• [Task to complete]:
From the line containing "A man looking in a mirror. | Source: Pexels" through the last line below, copy every line exactly, leaving out the pictures.

• [Exercise data]:
··········
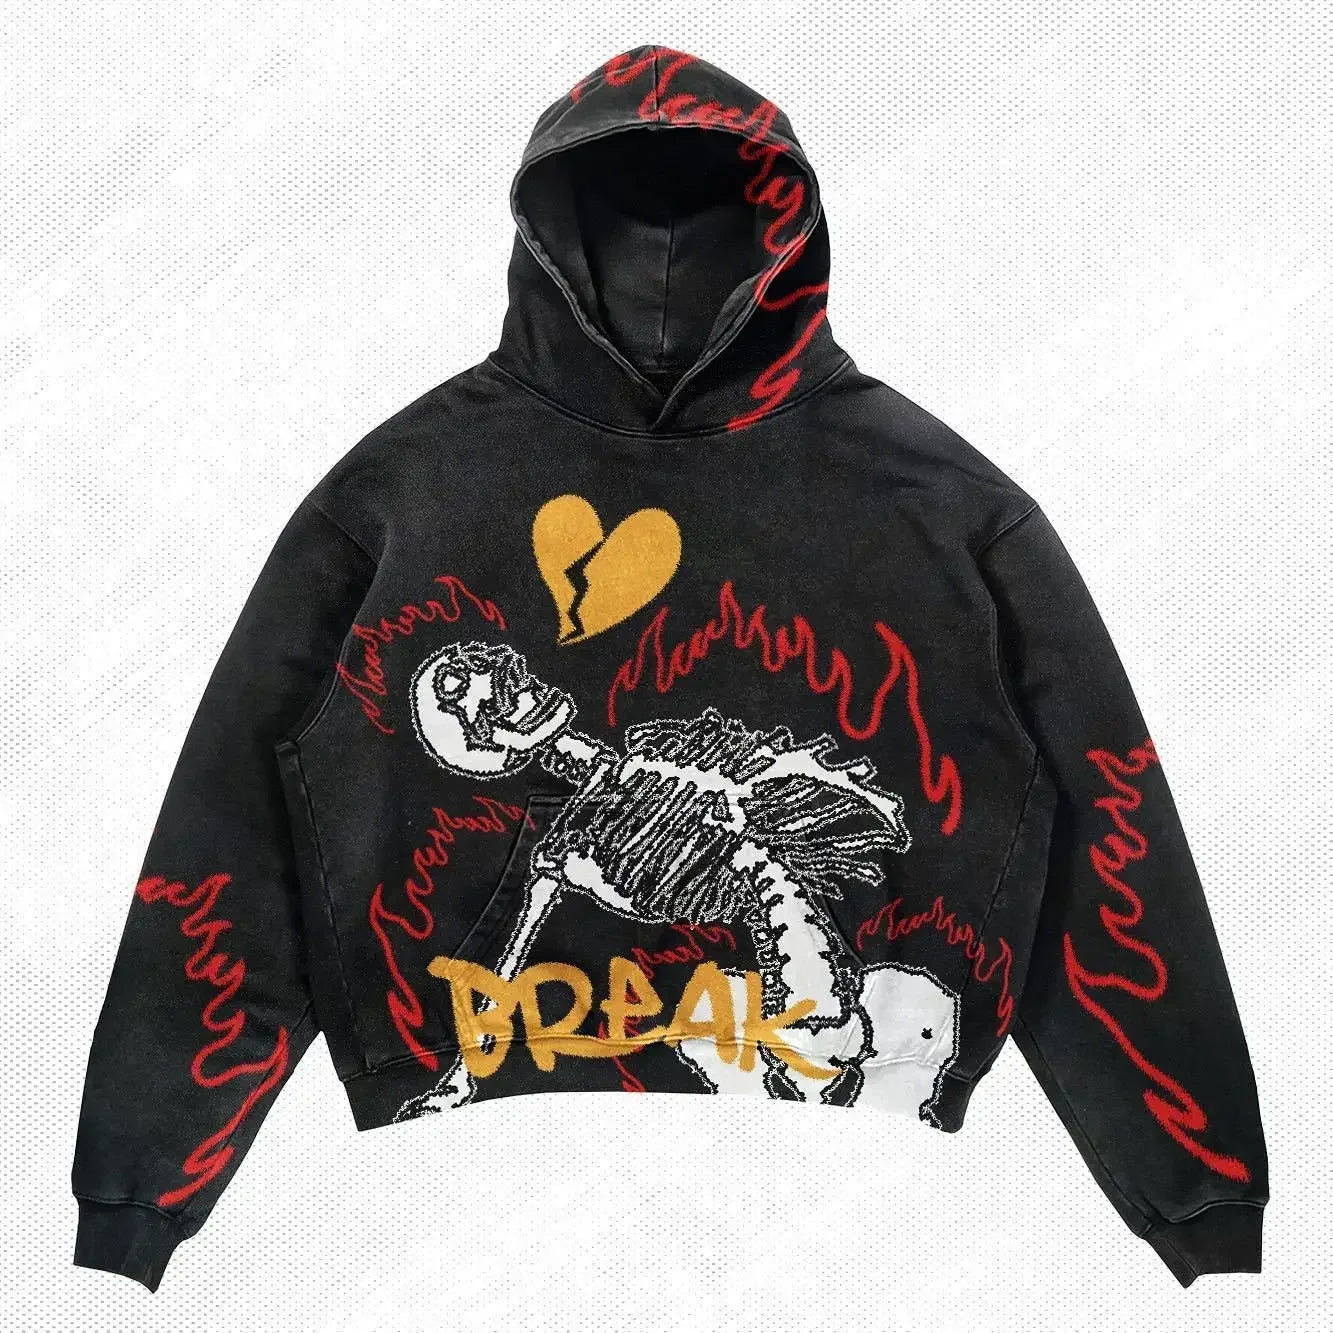 A punk style black hoodie with a skeleton design, red and yellow flame graphics, a broken heart, and the word "BREAK" at the bottom. Made from comfortable polyester, this standout piece is perfect for men's hoodies collections. Introducing the Explosions Printed Skull Y2K Retro Hooded Sweater Coat Street Style Gothic Casual Fashion Hooded Sweater Men's Female by Maramalive™.
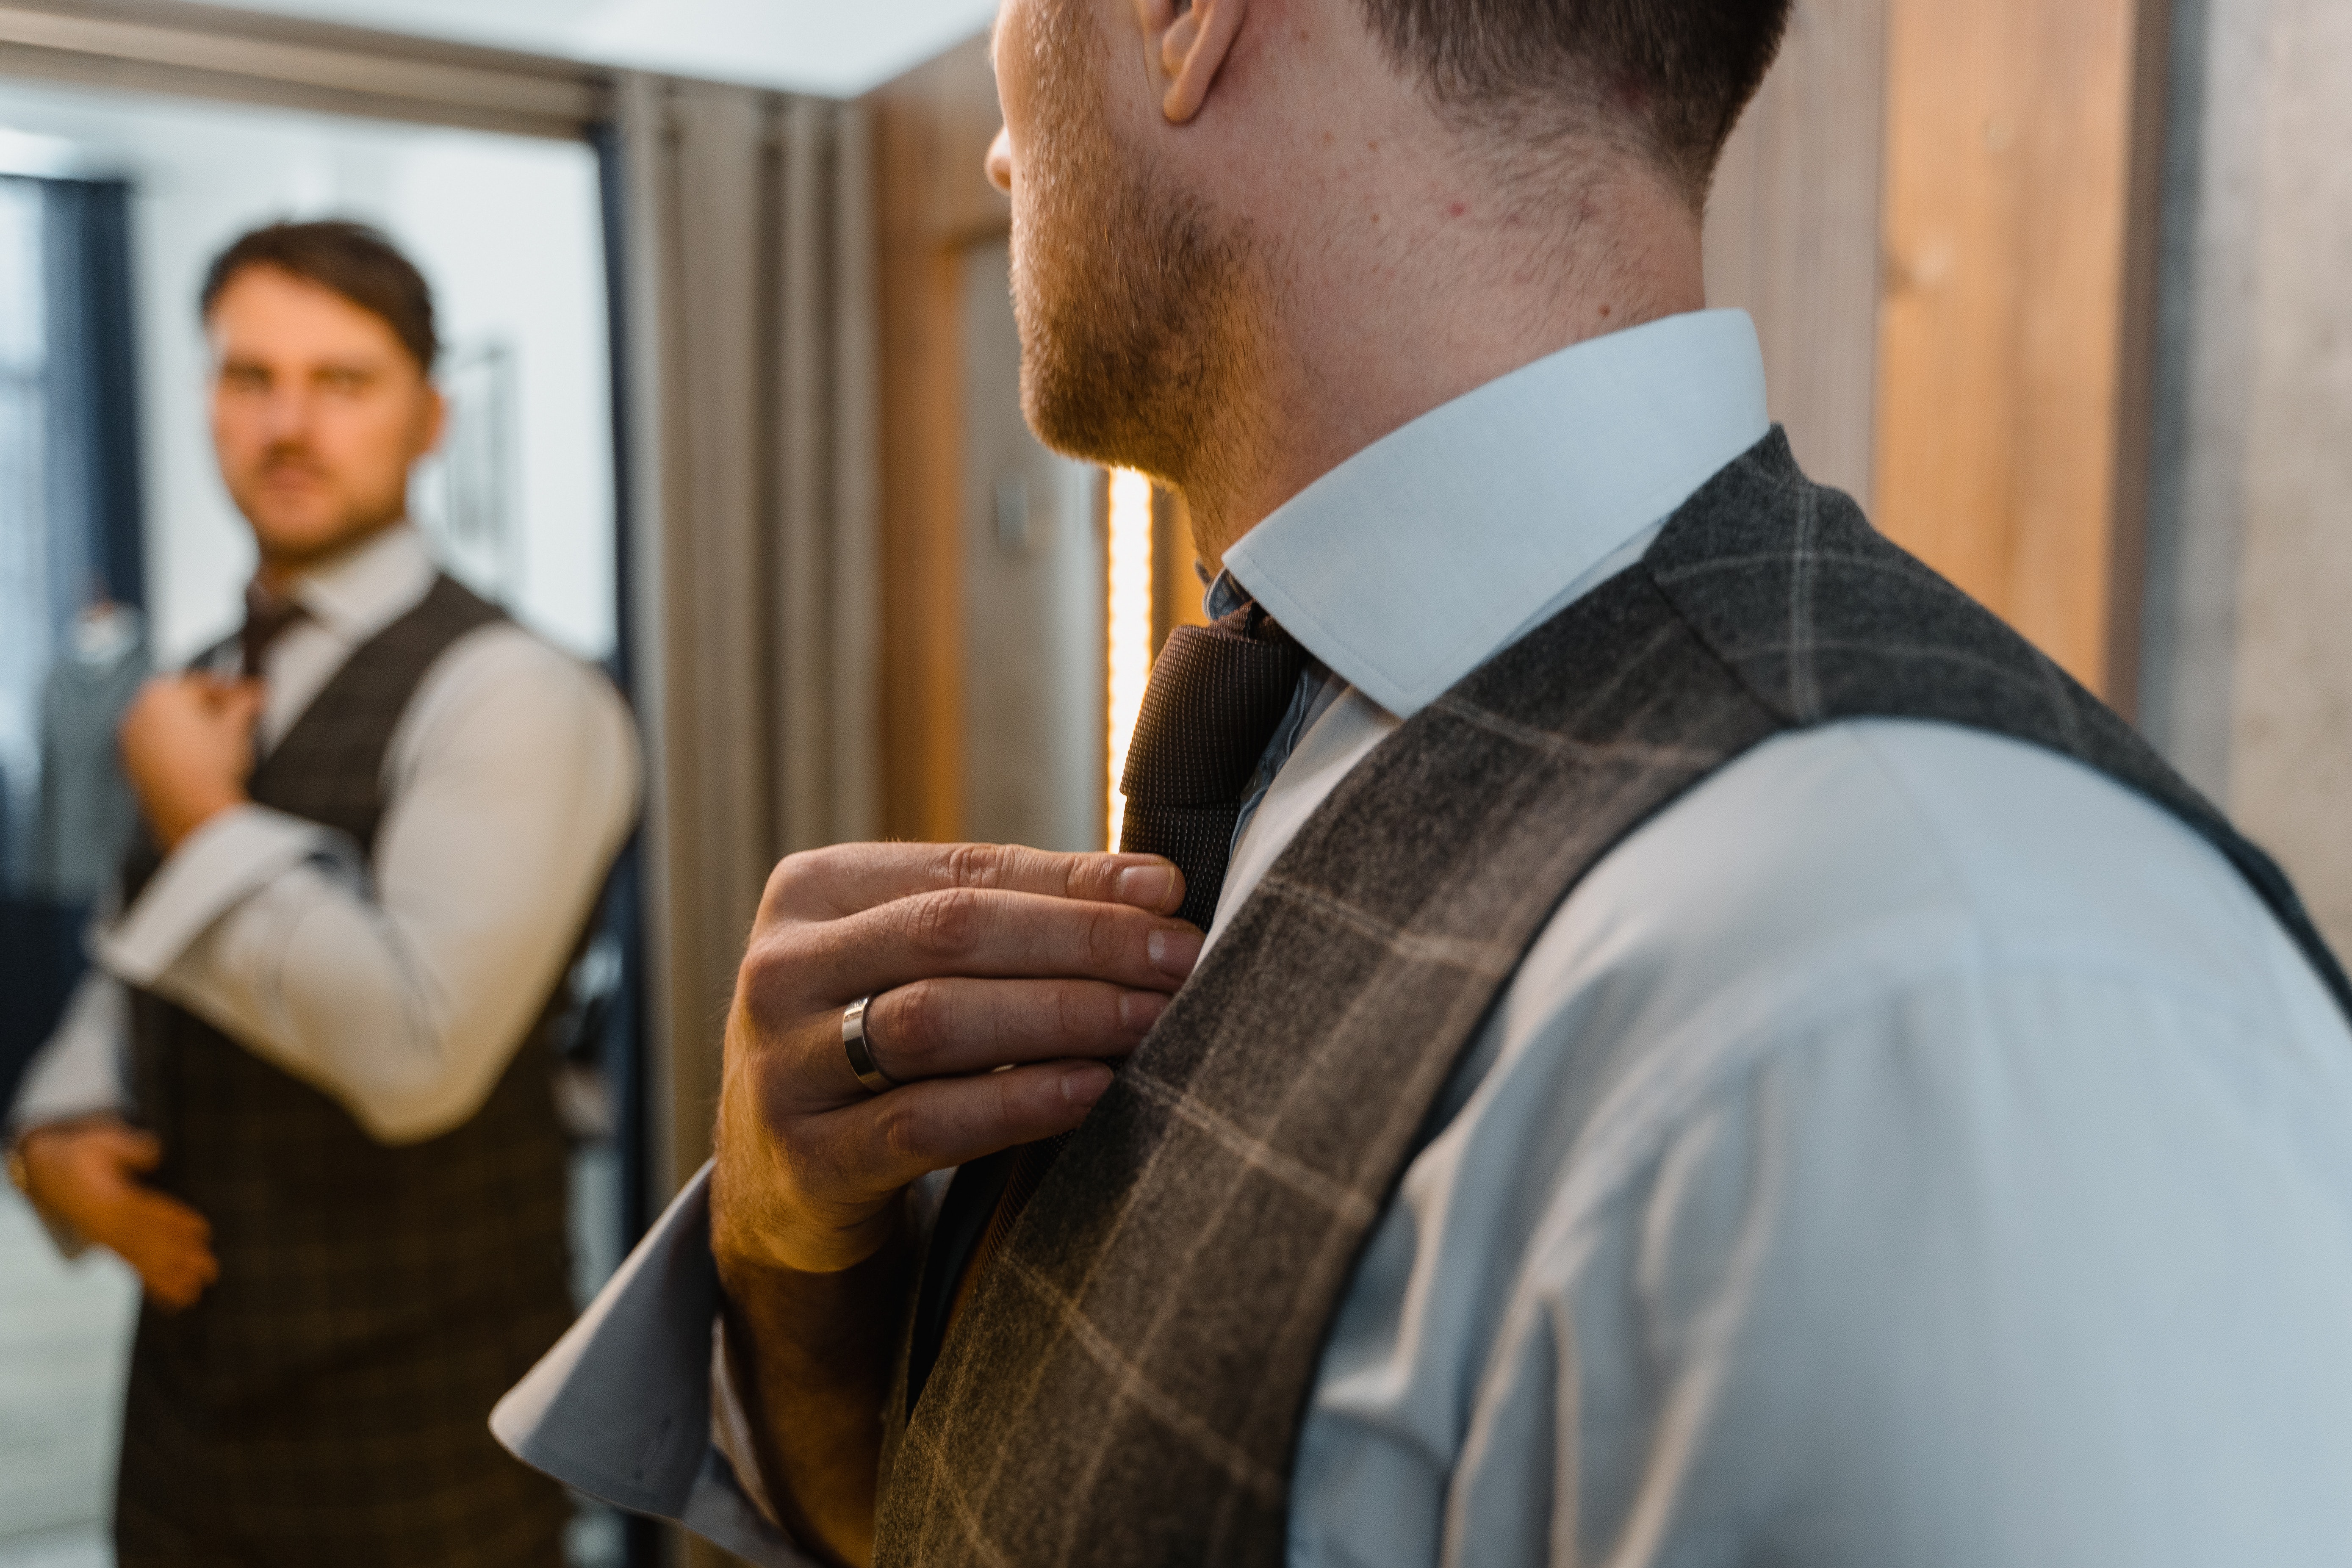 A man looking in a mirror. | Source: Pexels
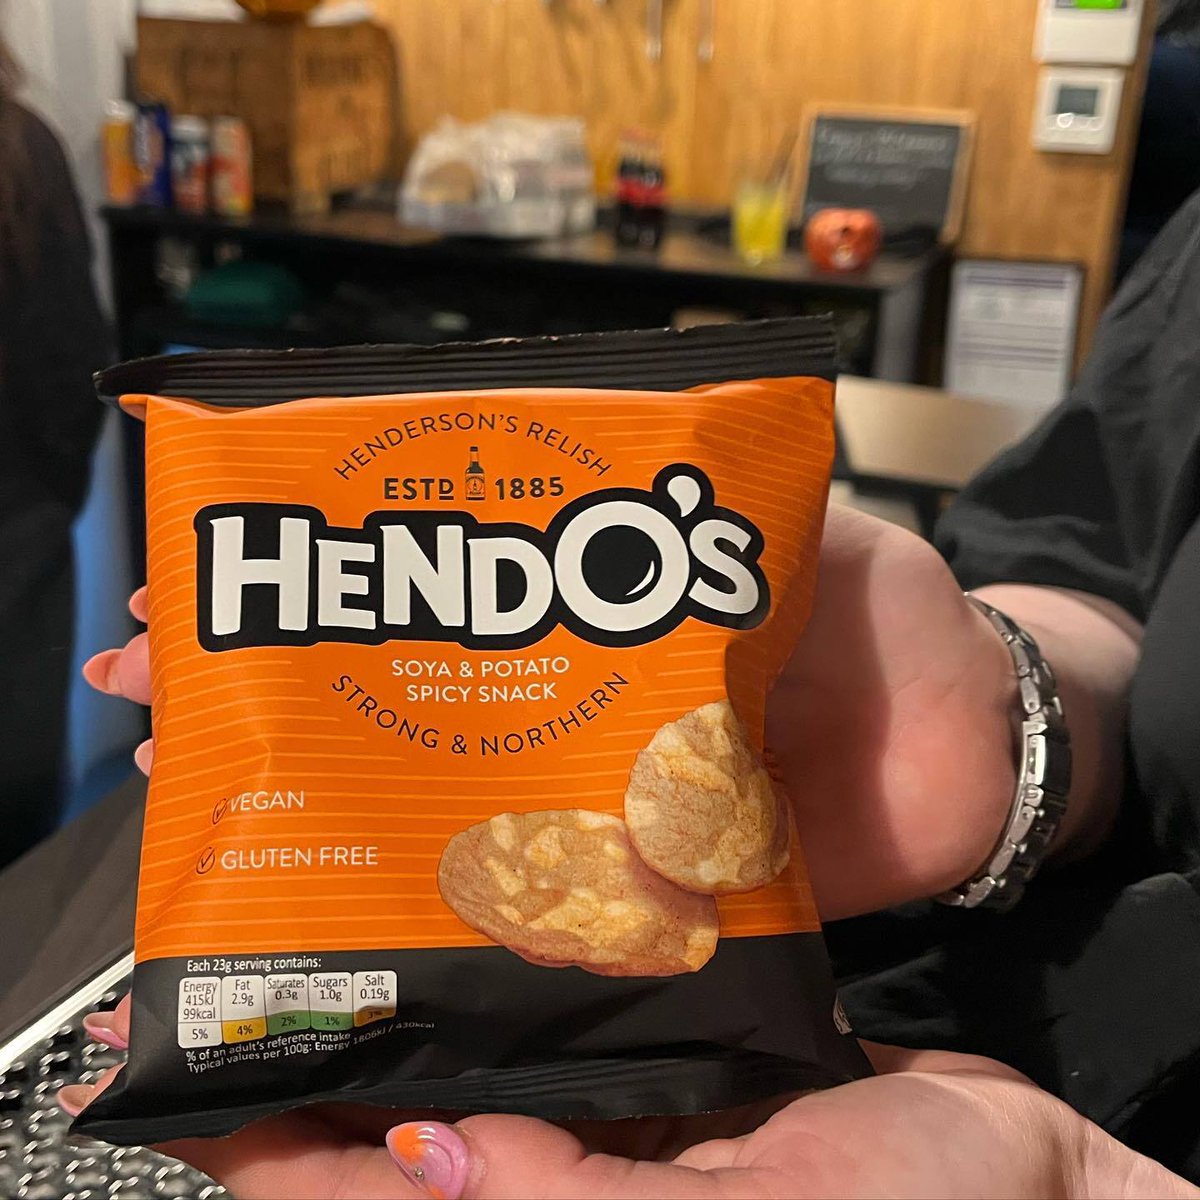 Hendo's crisps are vegan and gluten free, just like their bottled big brother. Find them at Morrisons in Sheffield, independent pubs and shops around the city and in our online shop: hendersonsrelish.com/shop 📸 instagram.com/sketsthatscran
··········
• [Solution to the problem]:
 A man looking in a mirror. | Source: Pexels
 Hendo's crisps are vegan and gluten free, just like their bottled big brother. Find them at Morrisons in Sheffield, independent pubs and shops around the city and in our online shop: hendersonsrelish.com/shop 📸 instagram.com/sketsthatscran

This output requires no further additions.